But one ADVANTAGE of such delay is that David Heiser has already
said many of the things I would have said in his post, especially his
DH> Then on the other hand "practical signidicance" has no
DH> "standard", so we and deluged by papers reporting all kinds
DH> of invented tests, weird ideas, invented ways to get something
DH> out of a PCA, etc. Oh welll, it keeps all the periodical
DH> happy with all the subscribers who pay for this nonsense.
"Practical usefulness", by its very nature, is a highly subjective
that is not subject to any quantification "standards" that are
contrived "nonsense" -- that's good technical term for it. :-)
I don't really have much to add ... but I'll do a quick read through
to see your disagreements.
> > Cohen's d appears to be nothing more than a TEST STATISTIC
> > used to determine the "statistical significance" or a test.
It looked like a test statistic, but I KNOW it's nonsense from general
consideration of my paragraphs and David's paragraph above.
> Cohen's (1988) book on Statistical Power provide
> a rule to the interpretation of what can be called a "Small",
> "Medium" or "Large" effect size.
Do you REALLY think those rules have any PRACTICAL usefulness?
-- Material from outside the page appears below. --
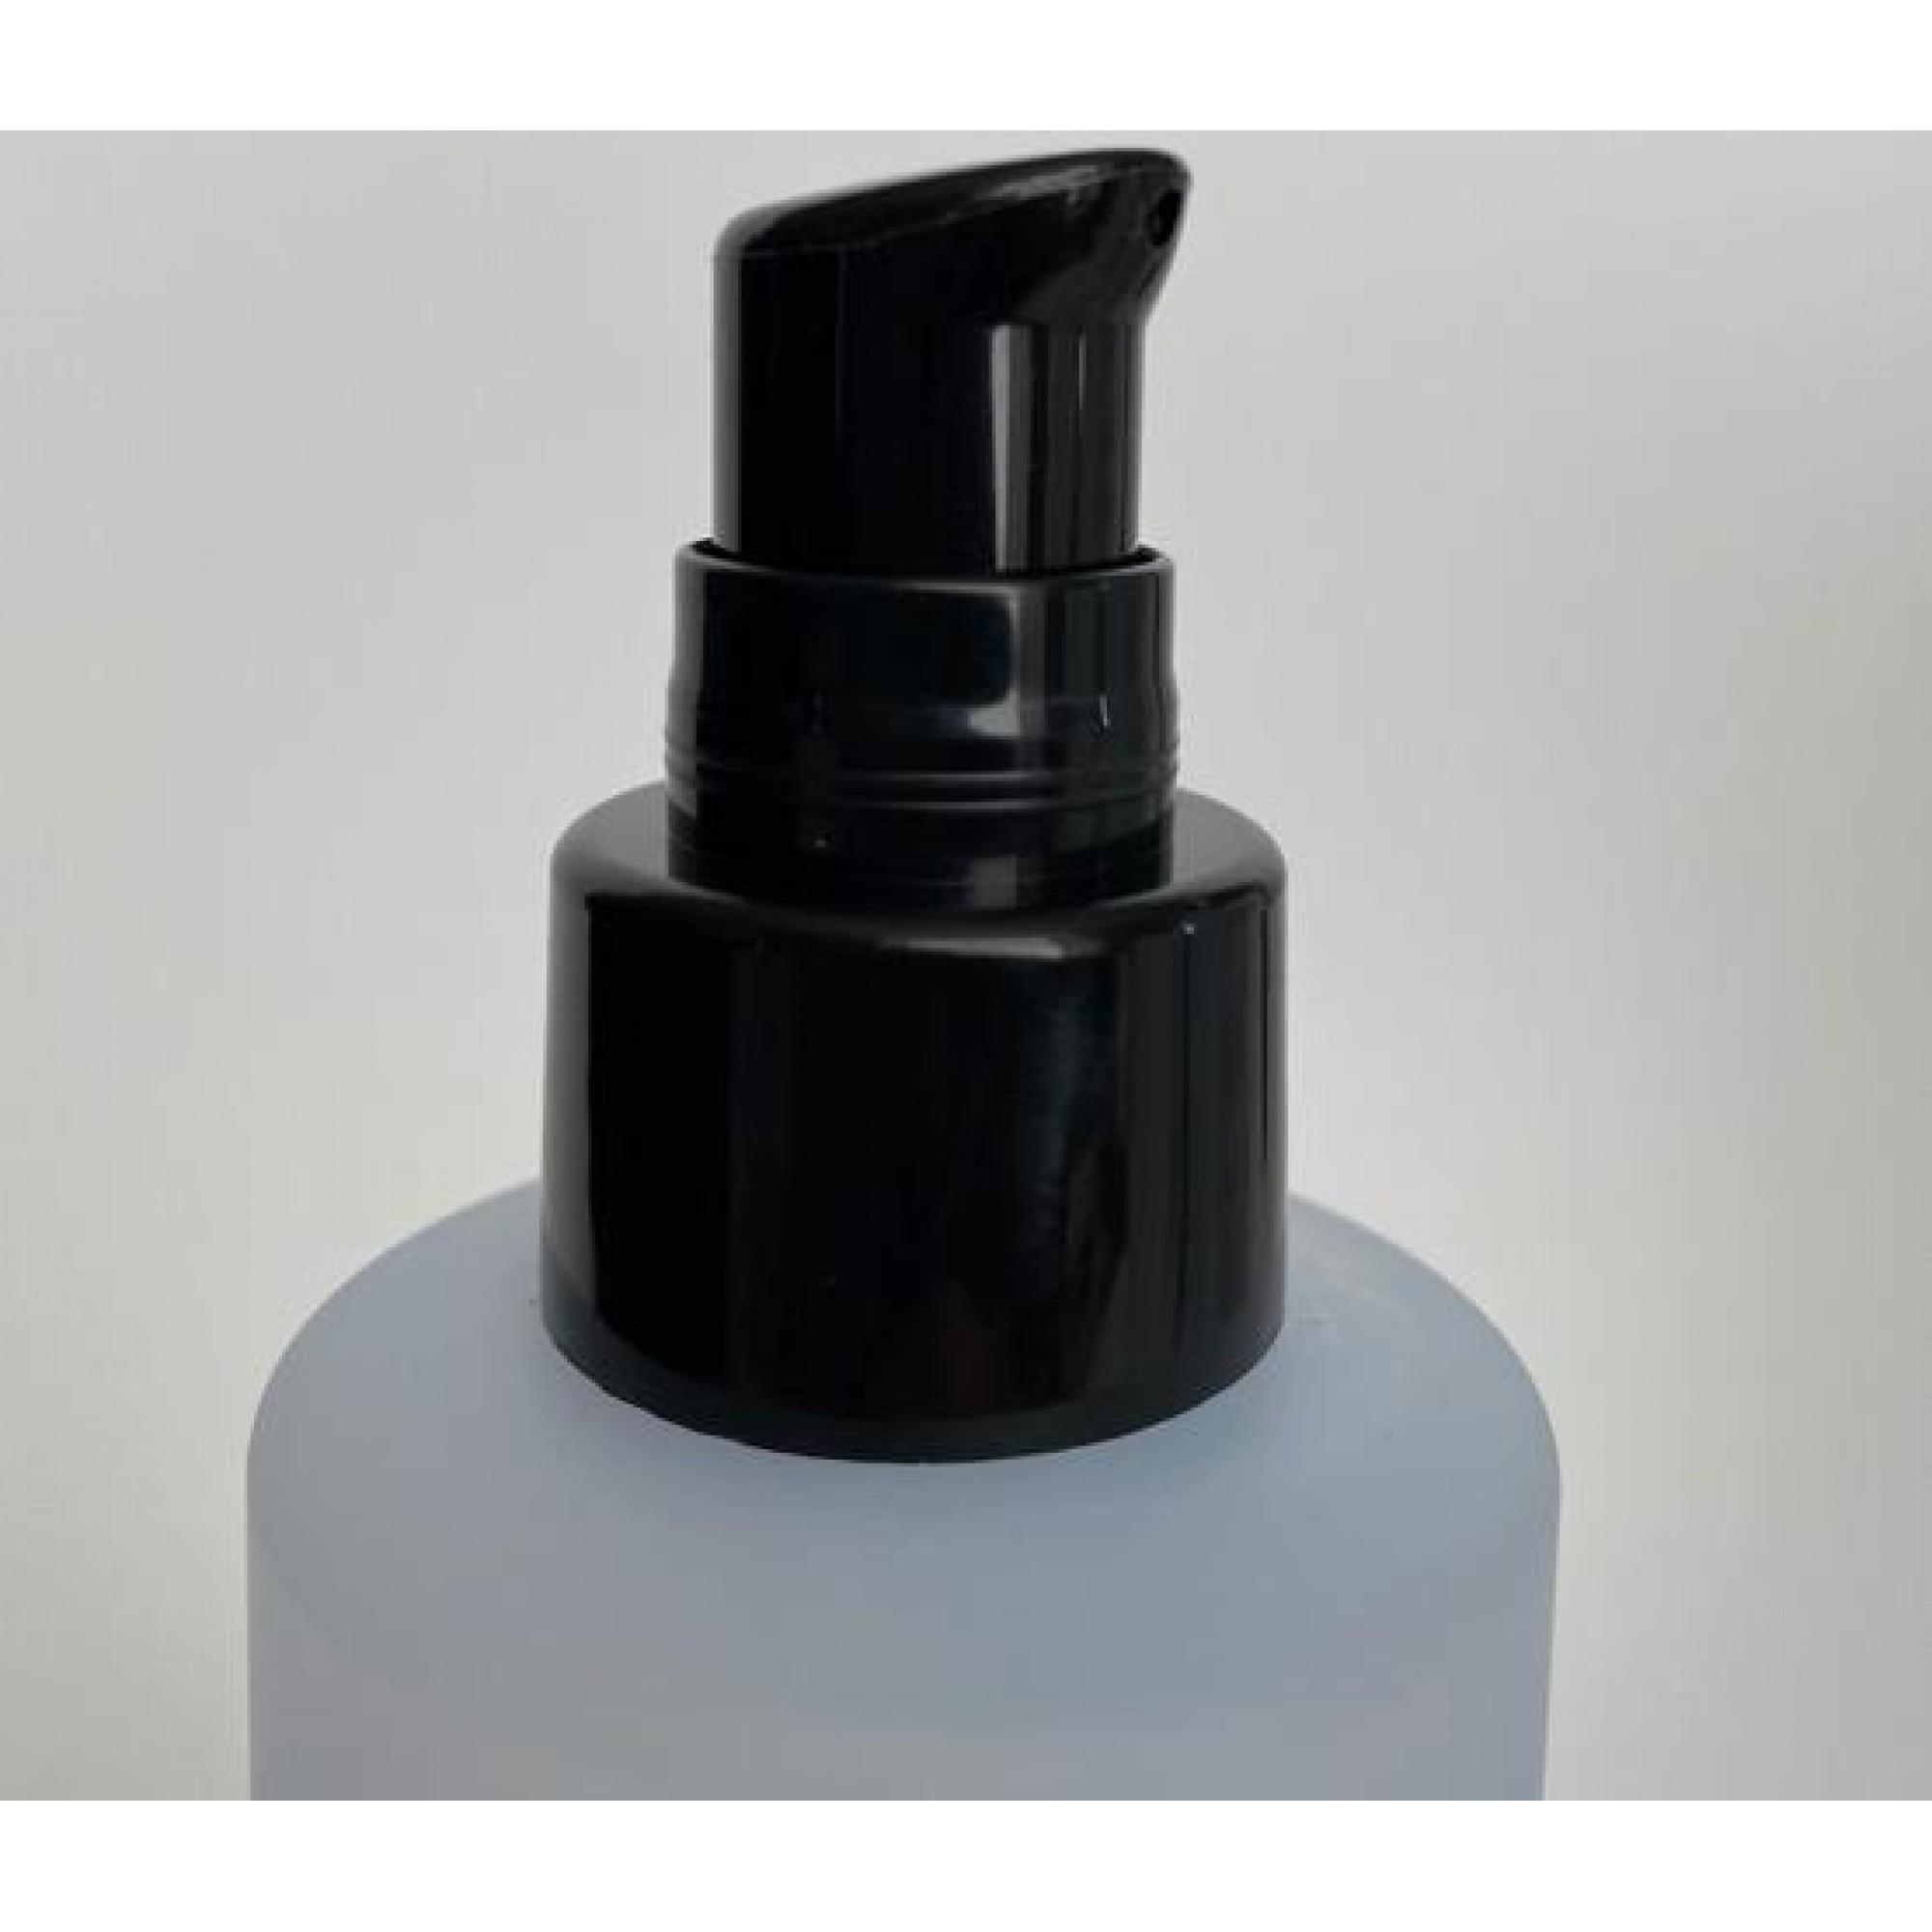 Dezinfekcijas līdzeklis DEZINFEKTO 250 ml, pump

> Large effect size : Cohen's d = .8 (approx. to r = .38),
> Medium effect size : Cohen's d = .5 (approx. r = .25),
> Small effect size : Cohen's d = .2 (approx. r = .15).
Can I write a paper to refine that? I think if the two digits are the
same, such as .33, .44, .55, they are much more useful effect
sizes because they can be correlated to SHOE sizes of 3, 4, 5,
etc. I've never seen any shoe size of .38, have you?
Then there are PRIME sizes, such as .13, .17, .41, etc. that
are clearly more practically useful than numbers that can be
factored into other numbers.
I think Cohen has really opened up a new field, that may be
called Numerological Statistics, that goes hand-in-hand with
his other theories, which I heard he called Type-2 a probability, :-)
What have you been smoking? Are you saying some study was called
off because the correlations were like .02 and that makes .02 useful
because it stops further wasted efforts?
When it comes to correlation, ALL correlations are practically USELESS.
It doesn't really matter if its .02, or .2, or .98, there are ALWAYS
(more USEFUL ways of expressing the same information by using
For that reason, the more I look at the ABUSE in the use of
the more appreciate Tukey's saying something to the effect that using
correlations is like "sweeping dirt under the rug WITH A VENGEANCE"
-- it is far worse than hiding dirt.
So, we'll forever disagree on our opinion about correlations.
> So, you are right in insisting on the distinction between usefulness
> and significance. In some research, an effect size (r²) of .50 may be
> large but meaningless, whereas in another field, an effect size of .001
> can be very small, but very meaningful.
That is saying something a little different that the size for
usefulness" which has no standard and no scale.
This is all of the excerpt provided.